― Muito bem! ― Disse o homem enquanto olhava para o charuto com atenção. ― Tenho um pequeno problema e preciso da sua ajuda.
― Não me parece que seja pequeno. Invasão, ameaças… quando sair daqui terá muitos mais do que imagina.
― Você ainda não foi aprovado! ― Respondeu o homem que permanecia sentado a fumar o charuto.
― Aprovado? ― Perguntei admirado.
― É para isso que aqui estamos ― disse o homem que estava a obstruir a porta do quarto.
― Que mais é que sabe? ― Insistiu o homem que fumava.
― Muito bem! Pelo que vejo, você deve ser uma pessoa importante, mas não é um político ou um empresário, já que o seu parceiro da porta o respeita tanto que nem sequer se atreveu a interferir até agora, e o fez com um tom de respeito e não como se fosse uma precisão às suas palavras. Poderia dizer que quase que o venera, como se faz a um guia espiritual ou a um professor.
― Professor? ― Perguntou o homem do charuto, endireitando-se no assento.
― Bom, isso é o que lhe chamariam agora, mas a forma correta seria Mestre ― eu disse com um tom burlão.
― O que o fez chegar a essa conclusão? ― Questionou o homem ao levantar-se, deixando o charuto sobre a mesa onde estava o candeeiro.
― Cuidado com a mesa! ― Falei ao tentar aproximar-me dela quando senti que alguém me detinha por trás, agarrando-me pelos ombros.
― Responda à pergunta ― disse o homem que me agarrava por trás.

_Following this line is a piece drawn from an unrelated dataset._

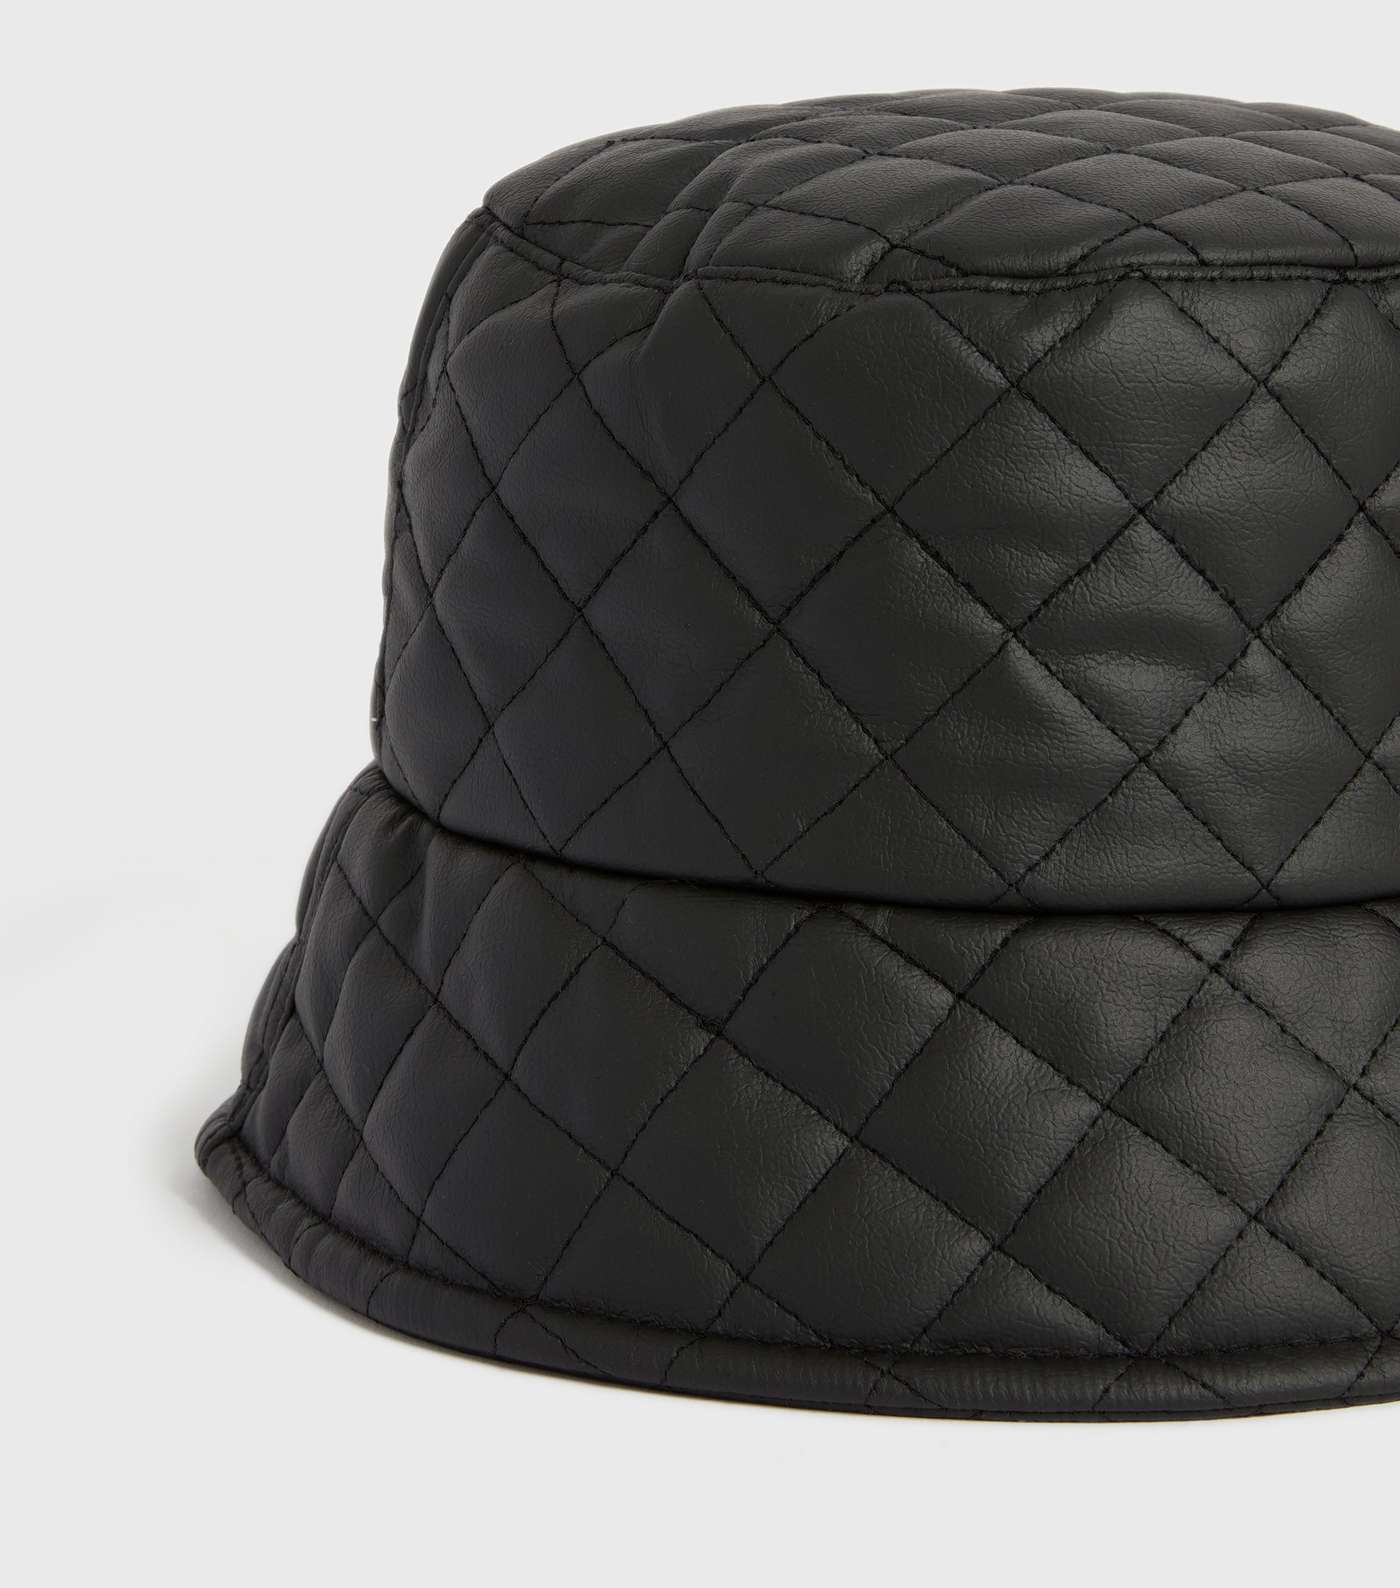 Black Quilted Leather-Look Bucket Hat Image 3

― Está bem! ― Respondi em tom de protesto enquanto me abanava, tentando libertar-me. ― O que o denunciou foi a marca no seu dedo anular, que agora está sem nada, mas que ainda mantém a marca de um anel de tamanho considerável que usa habitualmente, tal e qual o de um bispo ou assim parecido. Mas você não usa roupa ampla que nem eles, porque senão sentir-se-ia desconfortável com esse fato de boa qualidade que está a usar. E também não tem nenhum sinal na cabeça por usar um solidéu cristão ou quipá judeu, nem nada que se pareça, tendo eu descartado a opção religiosa. Além disso, tem uma pequeníssima cruz octogonal de Malta, com as suas oito pontas vermelhas, na lapela do seu casaco, também conhecida como a cruz de São João, para que quem não o reconhecer possa parecer ser só mais um adorno, e inclusivamente, ser confundido com o escudo de algum clube de futebol ou de alguma ordem religiosa como a de Santiago, mas sem sombra de dúvida que é a Cruz de Malta.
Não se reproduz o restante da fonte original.